В полной мере одобряла это намерение и Екатерина Медичи, вообще предпочитавшая для решения проблем прибегать не к силе оружия, а к золотым цепям Гименея. Именно по этой причине она не разделяла замыслов перенесения, ради установления прочного мира внутри королевства, войны за пределы Франции, будь то Испания или Англия. Она стремилась к миру и во внешней политике, предлагая для установления согласия с Англией весьма экстравагантный проект заключения брака сорокалетней королевы Елизаветы и двадцатилетнего герцога Анжуйского, а если не получится — то еще более молодого герцога Алансонского или даже Генриха Наваррского. Важное место в матримониальных планах королевы-матери отводилось и Маргарите. Сначала она собиралась выдать ее замуж за дона Карлоса, сына Филиппа II, а после того как инфант трагически погиб (упорно ходили слухи, что он был убит по приказу отца) — за самого короля, овдовевшего в результате безвременной кончины Елизаветы, старшей сестры Маргариты, которую ей предстояло заменить. Однако из этого ничего не вышло (Филипп II предпочел вступить в брак с дочерью императора Максимилиана II, эрцгерцогиней Анной Австрийской), равно как и из намерения просватать Марго за короля Португалии Себастьяна.

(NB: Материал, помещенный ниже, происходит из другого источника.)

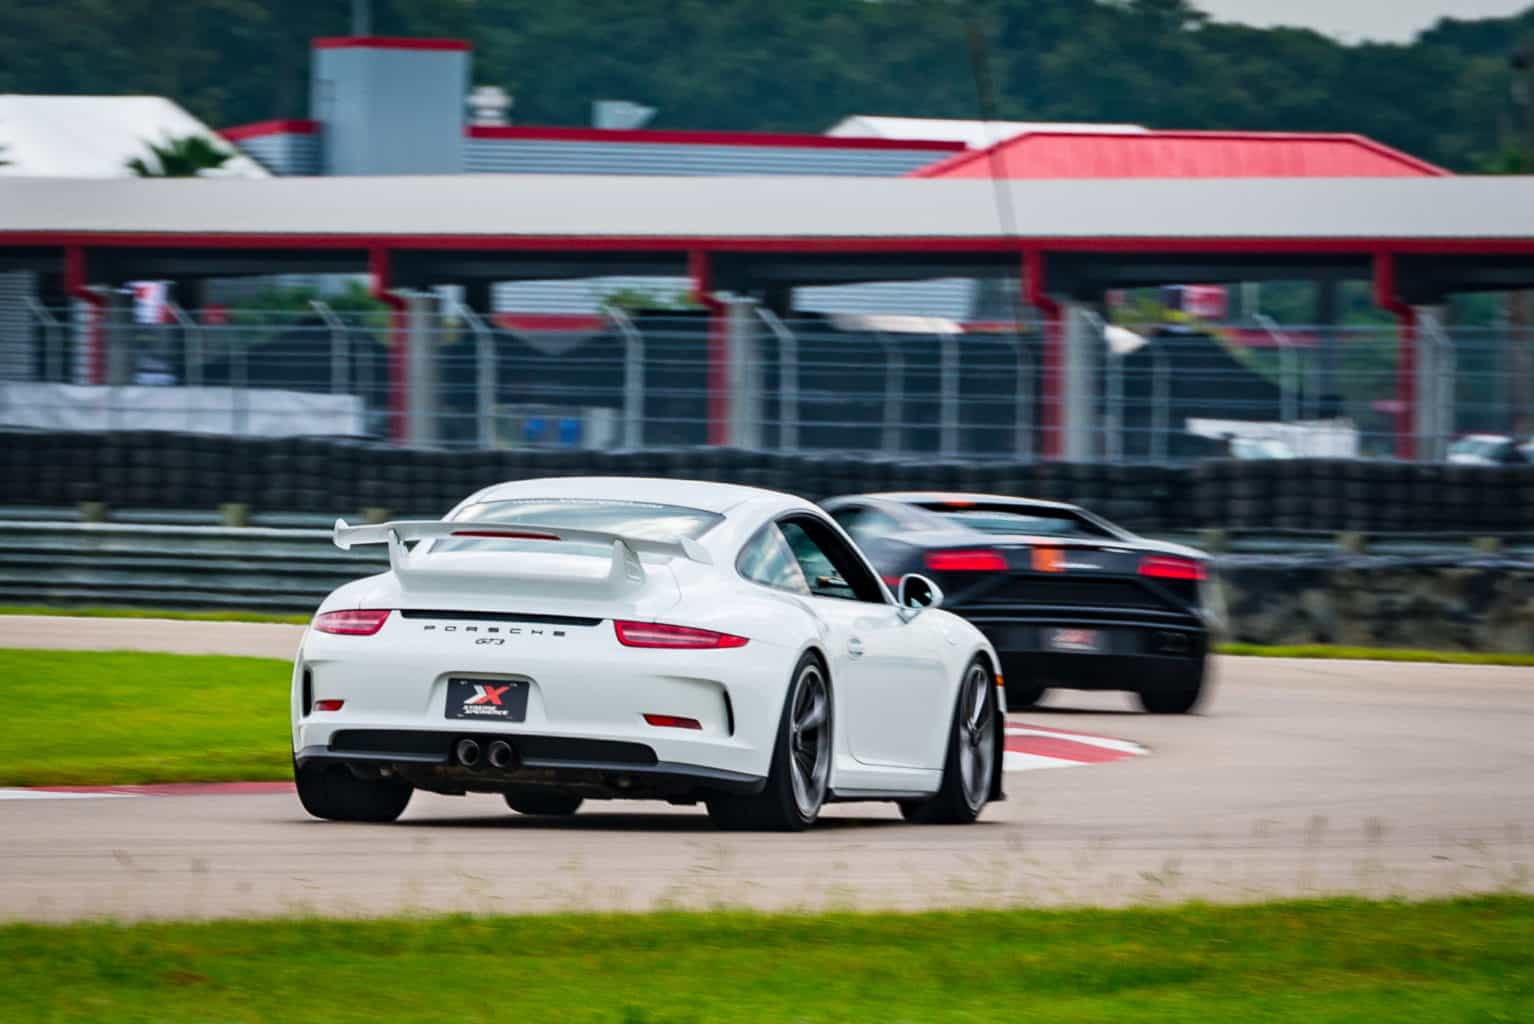 image of xtreme xperience porsche gt3 and lamborghini lp 560-4 at NOLA motorsports park my life at speed
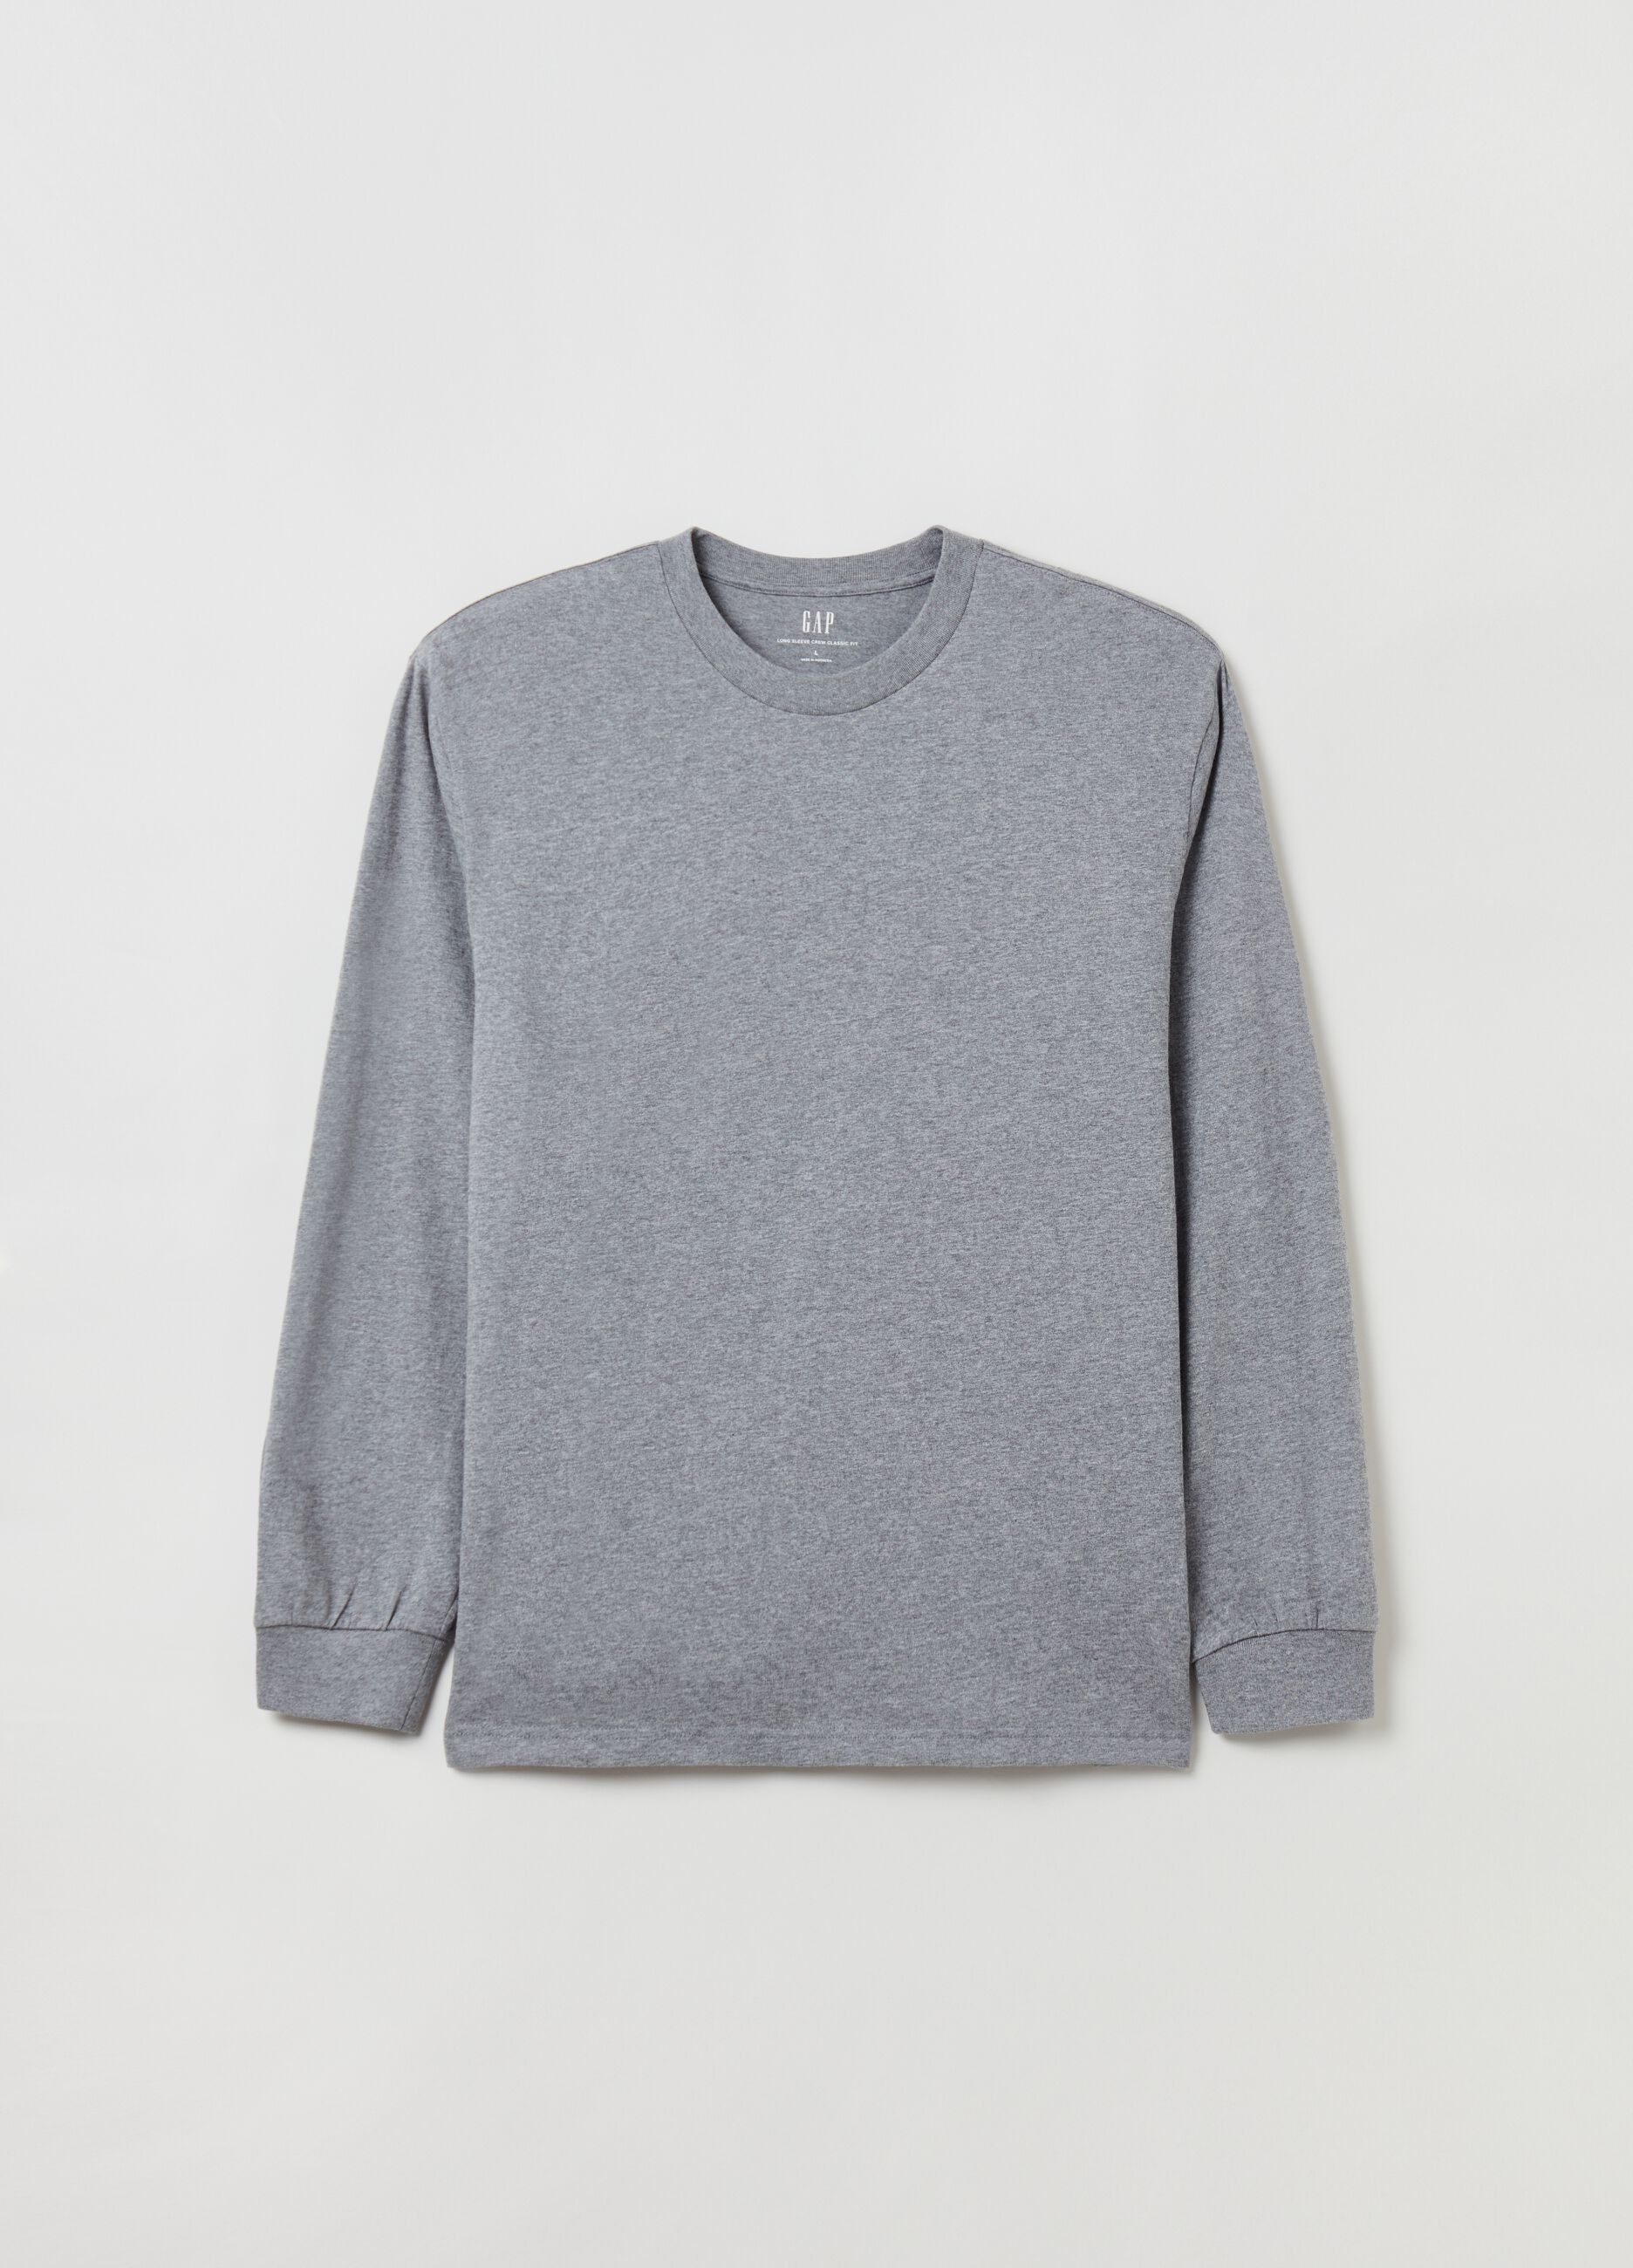 Long-sleeved T-shirt in organic cotton._1

Так Екатерина Медичи в конце концов пришла к убеждению, что Маргариту лучше всего выдать за Генриха Наваррского, тем самым одним махом решив множество проблем. Прежде всего это позволило бы, полагала она, видимо, искренняя в своих заблуждениях (забудем на время о Варфоломеевской ночи, до которой еще далеко), выйти из политического и конфессионального тупика: бракосочетание протестанта-принца с католичкой-принцессой укрепило бы мир внутри королевства и успокоило бы религиозные страсти, укрепив доверие гугенотов к центральной королевской власти. Кроме того, открывался путь для решения еще одной проблемы, на первый взгляд исключительно семейной, которая, однако, в перспективе была способна повлечь за собой серьезные политические последствия.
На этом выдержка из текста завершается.